Pittsburg's only homeless shelter closing - KOAM TV 7

Pittsburg's only homeless shelter closing

Updated March 11, 2014: Emergency funds could save a homeless shelter in Pittsburg from closing it's doors.

The City of Pittsburg will submit an additional funding request to the Kansas Housing Resource Corporation on SEK-CAP's behalf.

Commissioners approved the request at Tuesday night's commissioners meeting.

The funding would total around $60,000 and keep the Choices Shelter open until new funding is handed out for fiscal year 2015.

At one point the shelter had 50 residents, more than half were children.

The shelter is scheduled to close at the end of March.

If the grant is approved, SEK-CAP will use the month of April to make repairs then reopen the beginning of May.

Updated February 19, 2014: Effective immediately, SEK-CAP will no longer accept applicants for housing at the C.H.O.I.C.E.S. Family Emergency Shelter in Pittsburg. The closure will take effect March 31, 2014.

A grant that funded the shelter has been cut in half by the Kansas Housing Resources Corporation.

SEK-CAP Executive Director, Steve Lohr, said, "We continue to work with the families to find permanent housing, and we must provide our employees with adequate notice that their jobs will end."

Sean Ozbun has worked at the shelter for eight years.

"I was meant to do this so I was excited to have the opportunity to make an impact," said Ozbun.

When primary funding ends the shelter will close and SEK-CAP will spend several weeks cleaning and refurbishing the building.

SEK-CAP request that all non-monetary donations be temporarily directed to other social service, faith-based, or community organizations.

Financial donations for the shelter will be accepted and used to provide on-going homeless services.

Posted January 20, 2014 7:18: Pittsburg's only homeless shelter, C.H.O.I.C.E.S could soon lose funding, causing the shelter to close it's doors.. 

Southeast Kansas Community Action Program operates the shelter, which currently serves 300 to 400 people each year.
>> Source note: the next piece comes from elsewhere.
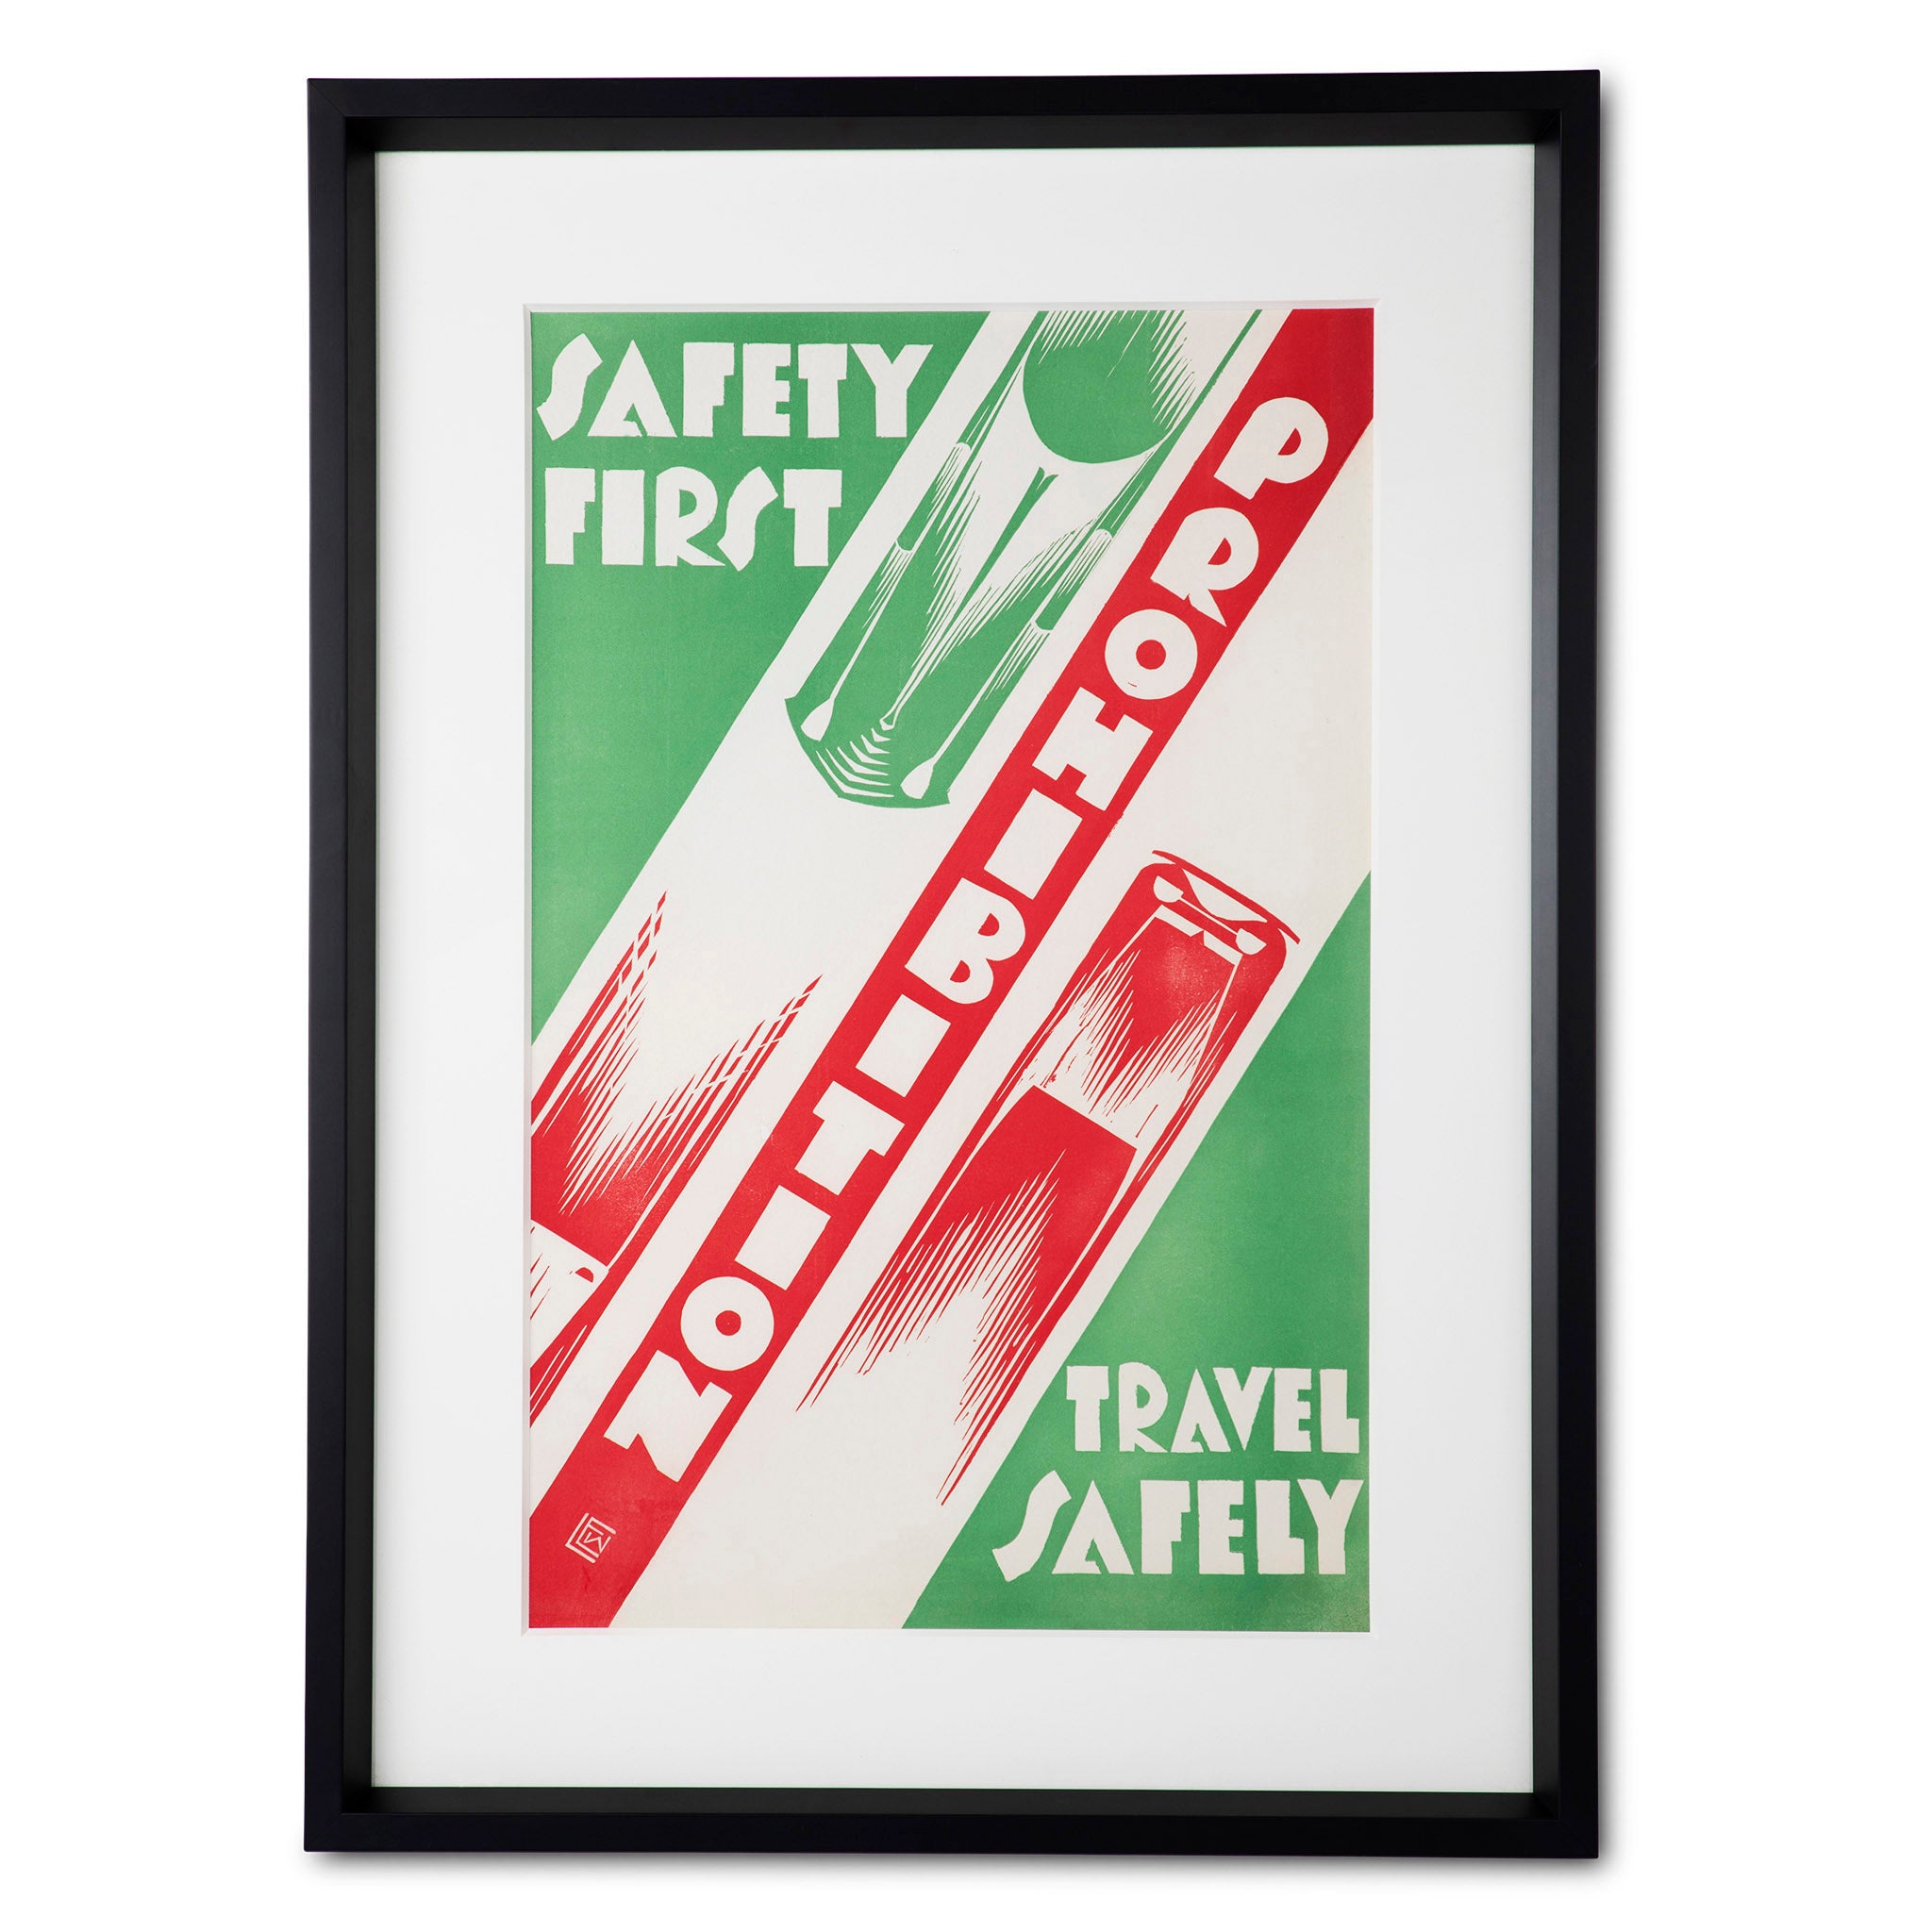 Prohibition Safety First Original Poster

Officials with the program say if funding is cut by the Kansas Housing Resource Corporation, they would have no choice but to close.
Robert Park and his family have called the emergency shelter home since Thanksgiving. 

"I thank god this shelter is here for us I really do I don't know what we would do without this place," said Park.  

Families in need can spend up to 90 days at the shelter. The only requirement is you have to have a child under the age of 18. And you have to present valid identification. 

Right now 50 people are living at the shelter, 32 of them are children. 

"It's just kind of tears me up a little bit because if it wasn't for us many of these families wouldn't have any place to go," said shelter manager Jami Crowder.  

SEK-CAP claims the Kansas Housing Resource Corporation gives funding to the shelter through a community service block grant. Their portion of the grant has now been cut in half.  

"400,000 that have historically come to Southeast Kansas will not be going elsewhere in the state," said Crowder.

If the funding is cut, SEK-CAP says Park and others will have to return to the streets. 

"People have hard times they fall on hard times and when you don't have family and friends to look to who do you look to," said Park

Funding will last until the end of March. SEK-CAP is working with community members to find a solution.